_Work required_
From the data that follows, print exactly the lines starting at the one containing "Cucina bianca interni" and ending at the one containing "Este pantalón culotte"; include both of them and nothing more.

Data records Block Start

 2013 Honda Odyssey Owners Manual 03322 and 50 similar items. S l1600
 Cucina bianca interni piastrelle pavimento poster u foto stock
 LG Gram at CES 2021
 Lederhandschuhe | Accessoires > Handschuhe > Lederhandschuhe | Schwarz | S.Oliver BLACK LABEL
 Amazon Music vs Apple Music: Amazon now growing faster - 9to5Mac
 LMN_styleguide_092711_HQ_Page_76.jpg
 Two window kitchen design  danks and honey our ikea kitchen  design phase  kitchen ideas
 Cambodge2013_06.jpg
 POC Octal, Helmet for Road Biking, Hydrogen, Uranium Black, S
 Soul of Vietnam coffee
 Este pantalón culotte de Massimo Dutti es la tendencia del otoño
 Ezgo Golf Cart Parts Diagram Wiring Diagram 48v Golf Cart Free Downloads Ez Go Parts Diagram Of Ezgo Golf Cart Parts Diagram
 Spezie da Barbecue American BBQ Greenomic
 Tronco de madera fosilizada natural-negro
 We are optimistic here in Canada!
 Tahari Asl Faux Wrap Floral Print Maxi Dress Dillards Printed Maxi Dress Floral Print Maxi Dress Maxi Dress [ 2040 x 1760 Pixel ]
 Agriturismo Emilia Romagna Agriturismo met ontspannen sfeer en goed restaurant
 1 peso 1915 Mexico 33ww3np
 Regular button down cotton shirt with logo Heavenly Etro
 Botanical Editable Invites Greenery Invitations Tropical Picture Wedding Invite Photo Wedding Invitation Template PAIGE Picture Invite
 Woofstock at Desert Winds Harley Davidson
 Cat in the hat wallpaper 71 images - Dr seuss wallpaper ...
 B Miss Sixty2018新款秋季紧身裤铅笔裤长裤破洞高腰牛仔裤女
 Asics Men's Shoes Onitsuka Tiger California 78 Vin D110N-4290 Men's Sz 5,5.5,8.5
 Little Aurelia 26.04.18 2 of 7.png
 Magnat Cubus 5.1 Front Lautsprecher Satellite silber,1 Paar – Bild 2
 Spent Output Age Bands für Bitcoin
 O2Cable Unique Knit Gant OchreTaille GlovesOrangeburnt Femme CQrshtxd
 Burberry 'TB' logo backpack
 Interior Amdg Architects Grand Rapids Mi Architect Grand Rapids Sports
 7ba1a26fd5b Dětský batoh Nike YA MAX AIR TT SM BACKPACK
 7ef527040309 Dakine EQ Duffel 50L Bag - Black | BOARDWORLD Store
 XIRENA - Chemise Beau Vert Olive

Data records Block End

_Solved exercise_
 Cucina bianca interni piastrelle pavimento poster u foto stock
 LG Gram at CES 2021
 Lederhandschuhe | Accessoires > Handschuhe > Lederhandschuhe | Schwarz | S.Oliver BLACK LABEL
 Amazon Music vs Apple Music: Amazon now growing faster - 9to5Mac
 LMN_styleguide_092711_HQ_Page_76.jpg
 Two window kitchen design  danks and honey our ikea kitchen  design phase  kitchen ideas
 Cambodge2013_06.jpg
 POC Octal, Helmet for Road Biking, Hydrogen, Uranium Black, S
 Soul of Vietnam coffee
 Este pantalón culotte de Massimo Dutti es la tendencia del otoño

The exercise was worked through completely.